All of the above variables, except STATUS, MODE, and FRAME_COUNT are cleared by a DSP_RESET. You can zero the frame count manually using pciwrite.

(Incidentally, the addresses in the table above are determined from the .lod symbol table of the assembler output.)

Examples

Firmware version U0105 is assumed below. Use the functions defined above.

Inspect a command packet

Note that in current firmware, packets are copied into the DSP buffer *at the same time* as they are transmitted to the MCE. So if your data appears in the DSP buffer, it has also been sent out on the FO transmitter.

We issue

mhasse@mce-ubc-2:~$ mce_cmd -x "wb cc led 7"

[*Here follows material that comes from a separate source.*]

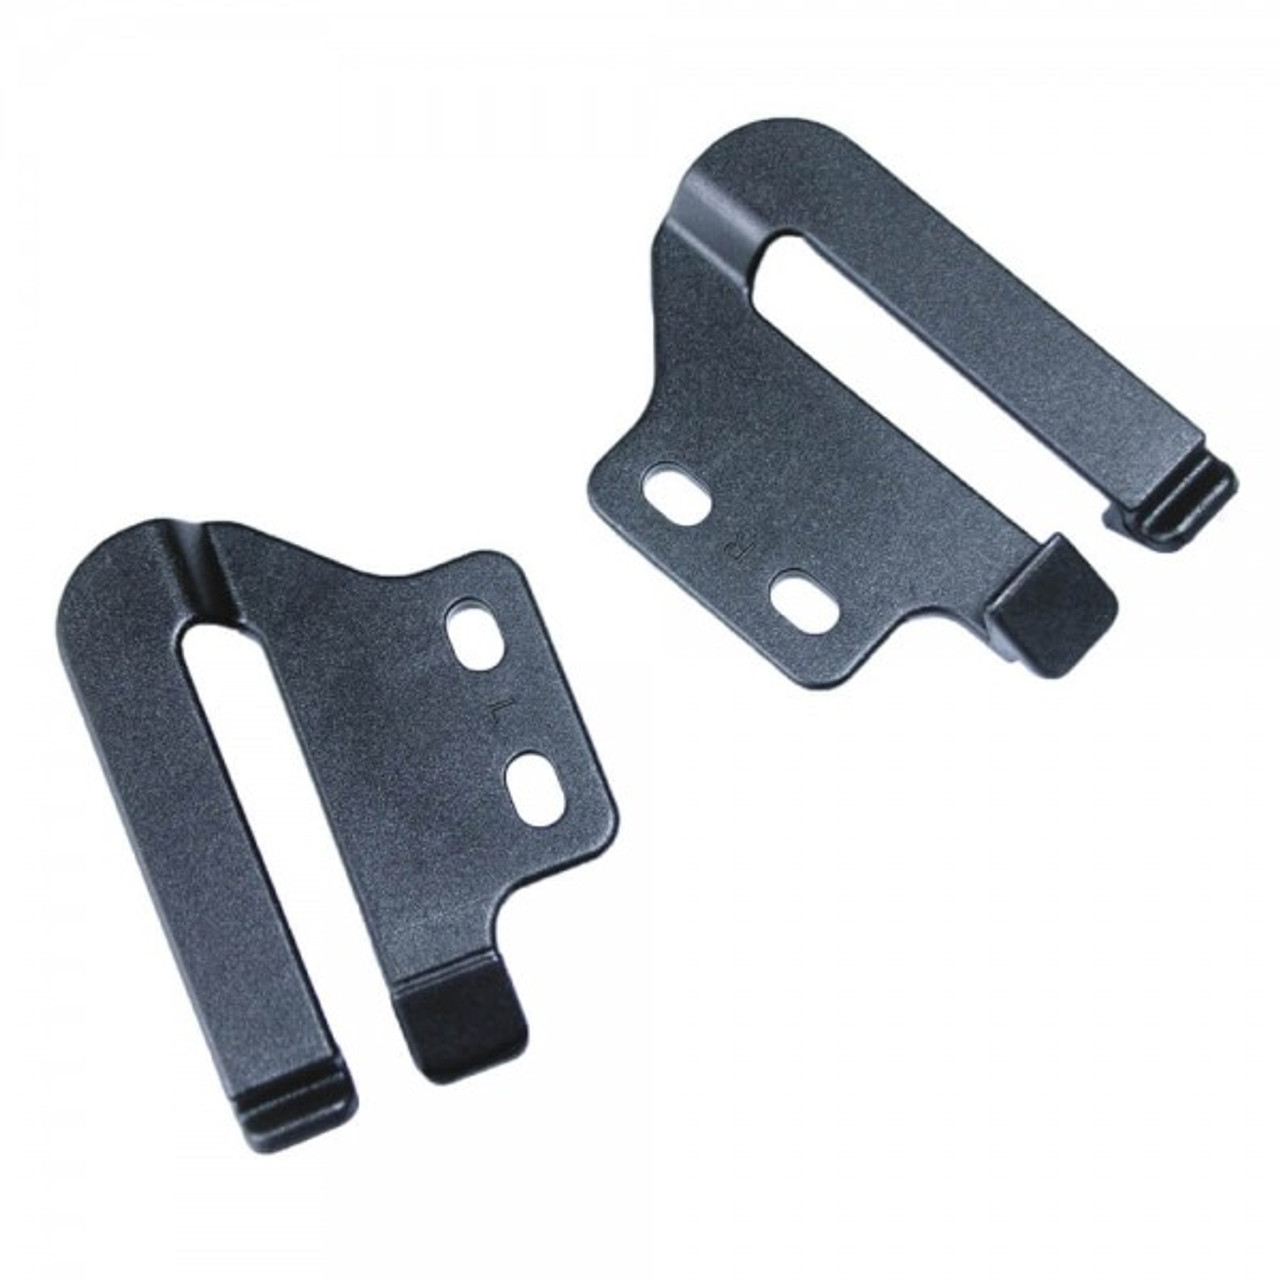 Belt Clips - SpeedEase - (fits 1.75 inch belts) - Black - (1 Pair)

and then inspect the packet in the DSP buffer:

mhasse@mce-ubc-2:~$ pcidump y 0x200000 128
y 0x200000 0x00a5a5
y 0x200001 0x00a5a5
y 0x200002 0x005a5a
y 0x200003 0x005a5a
y 0x200004 0x002020
y 0x200005 0x005742
y 0x200006 0x000002
y 0x200007 0x000099
y 0x200008 0x000000
y 0x200009 0x000001
y 0x20000a 0x000000
y 0x20000b 0x000007
y 0x20000c 0x000000
y 0x20000d 0x000000
...
y 0x20007c 0x000000
y 0x20007d 0x000000
y 0x20007e 0x002022
y 0x20007f 0x0057dd


Is the MCE returning data?

Suppose "mce_run" is blocking without data and we want to check the frame data. We first fill the data buffer with a signature we can recognize:

mhasse@mce-ubc-2:~$ pciwash y 0x0 4096 0x123456

and we may as well zero the frame counter, too.

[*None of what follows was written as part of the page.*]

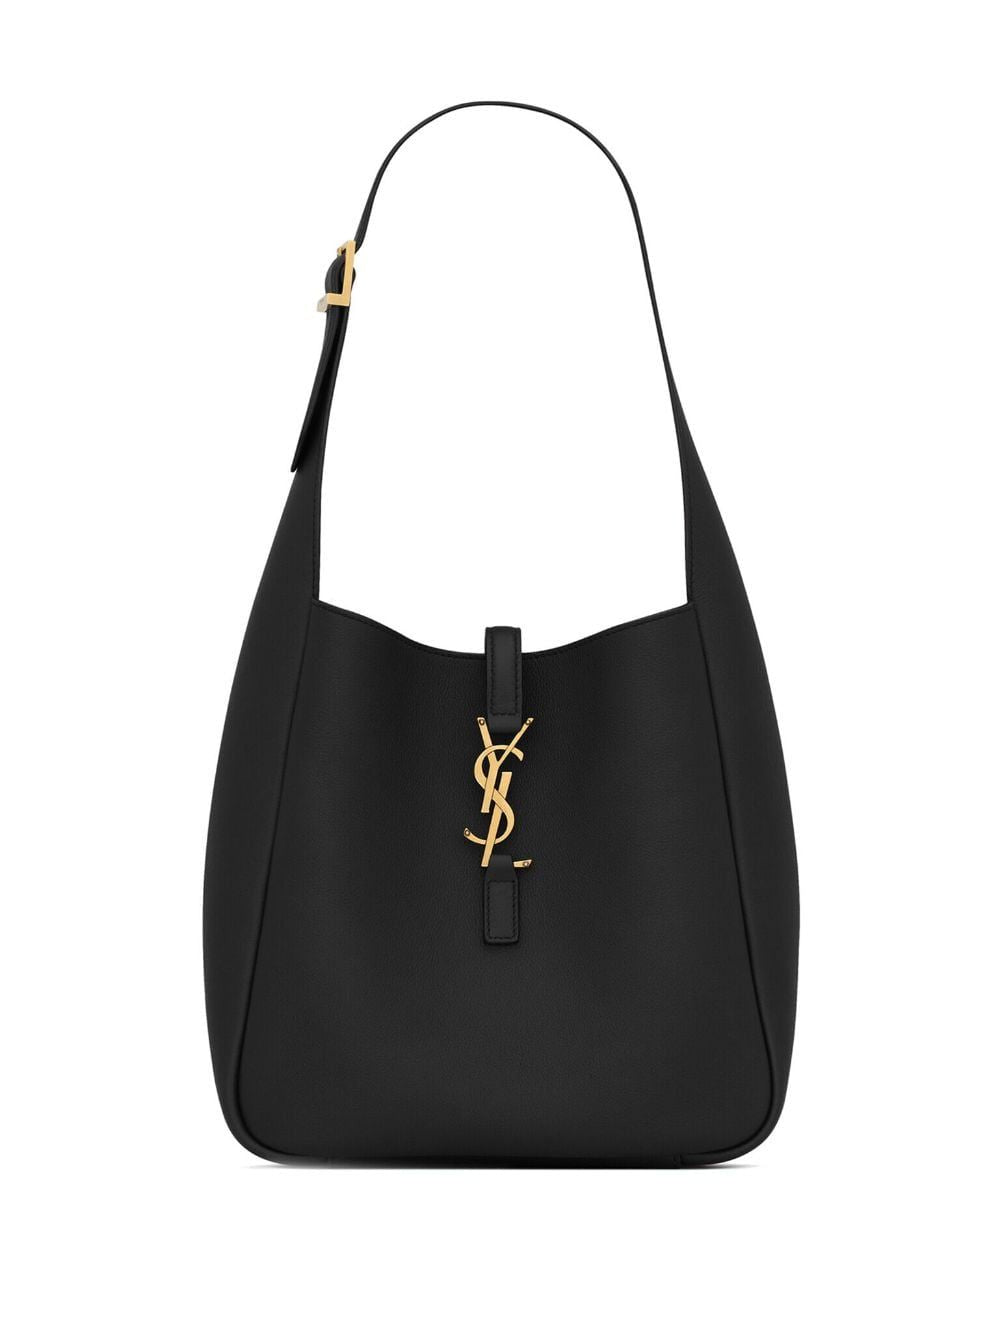 SAINT LAURENT Mini Black Grained Calfskin Handbag with Bronze-Tone Closure and Adjustable Top Handle - 23x22x8.5 cm

mhasse@mce-ubc-2:~$ pciwrite x 0x2 0


Then we trigger a go somehow. mce_run is easiest.

mhasse@mce-ubc-2:~$ mce_run test_1935 1 1
RUNFILE_NAME=/data/cryo/current_data//test_1935.run
FRAME_BASENAME=/data/cryo/current_data//test_1935

This hangs, so we Ctrl-C it.

We confirm that the DSP received a single frame from the MCE:

mhasse@mce-ubc-2:~$ pciread x 2
0x1

Now inspect the data buffer:

pcidump y 0x0 4096 > dump.txt

(This can take a while.) Inspecting the output we see reasonable data up to address 0x200:

...
y    0x1fd 0x00ffff
y    0x1fe 0x00f38d
y    0x1ff 0x00ffff
y    0x200 0x123456
y    0x201 0x123456
y    0x202 0x123456
...

Because the FO fifo can hold 1024 16-bit words, what we have here is a complete half-fifo. The PCI card is likely blocking, waiting for the FIFO to be half-full again so it can empty it efficiently. It is at this point that we suspect that the packet size might be the problem.

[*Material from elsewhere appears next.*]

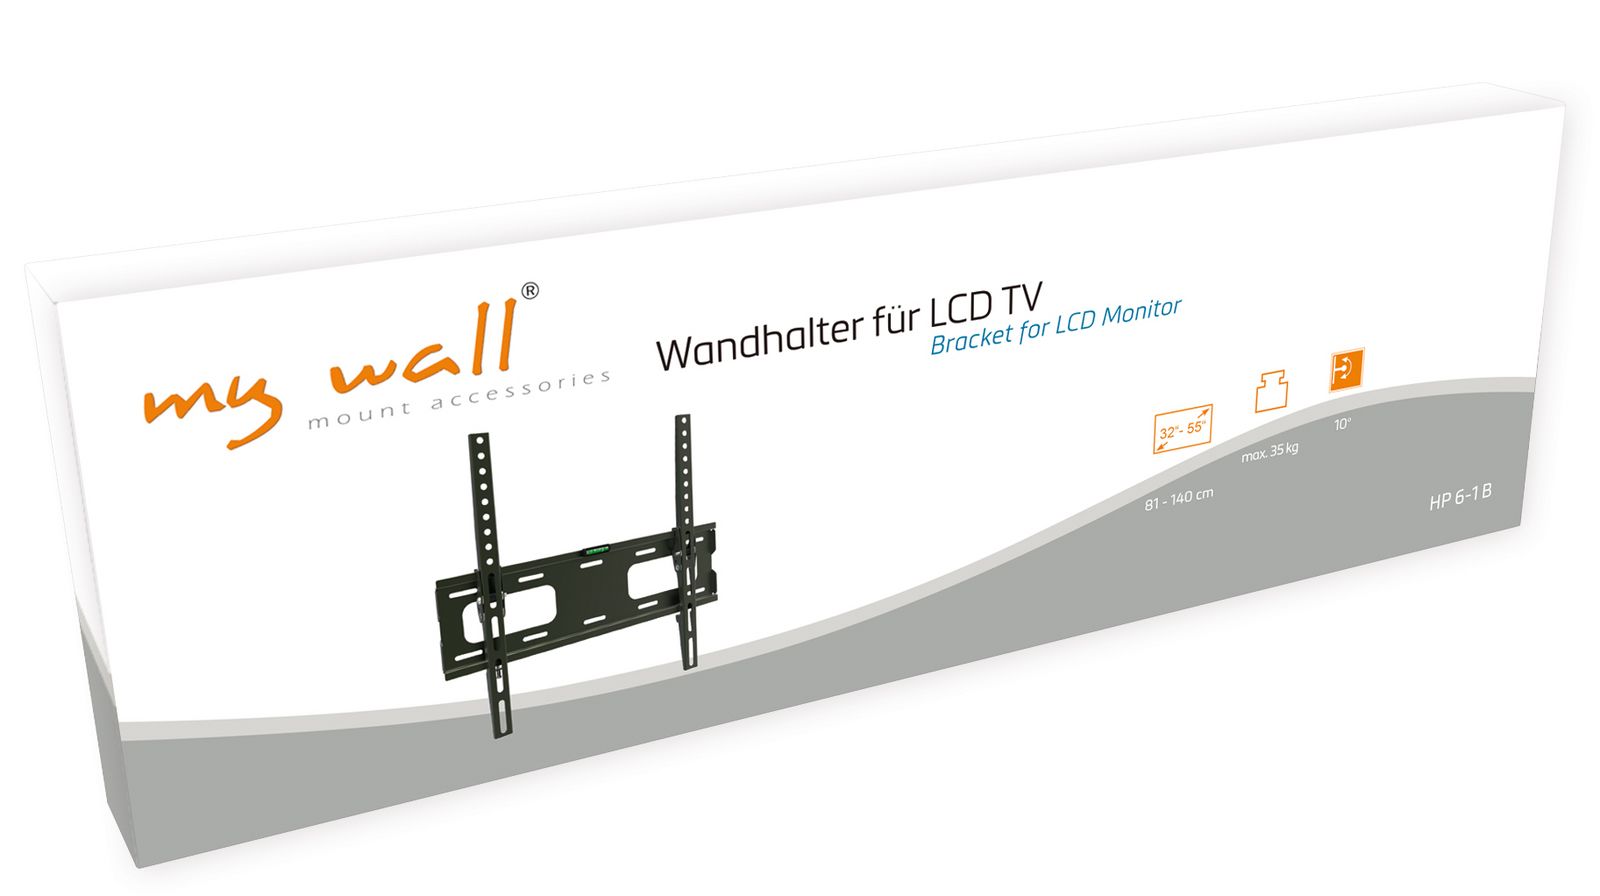 Wandhalter für LCD TV my wall HP6-1B-/bilder/big/hp6-1b_karton.jpg

Our RC1, 41-row frame should have size 372 DWORDS = 1488 bytes. We check that this is what the DSP expects (QT_FRAME_SIZE):

mhasse@mce-ubc-2:~$ pciread x 0x40
0x5d0

That's 372. Good. Compare with the size of the most recent packet (PACKET_SIZE):

mhasse@mce-ubc-2:~$ pciread x 0x23
0x54c

Thats 1356 DWORDS = 5424 bytes! That's the size of a full (4-RC, 41 row) frame.

However, the DSP has only buffered 0x200 * 2 = 1024 bytes before stalling. Therefore it appears that the MCE is reporting a 5424 byte packet but then sending somewhere between 1024 and 2047 bytes of data.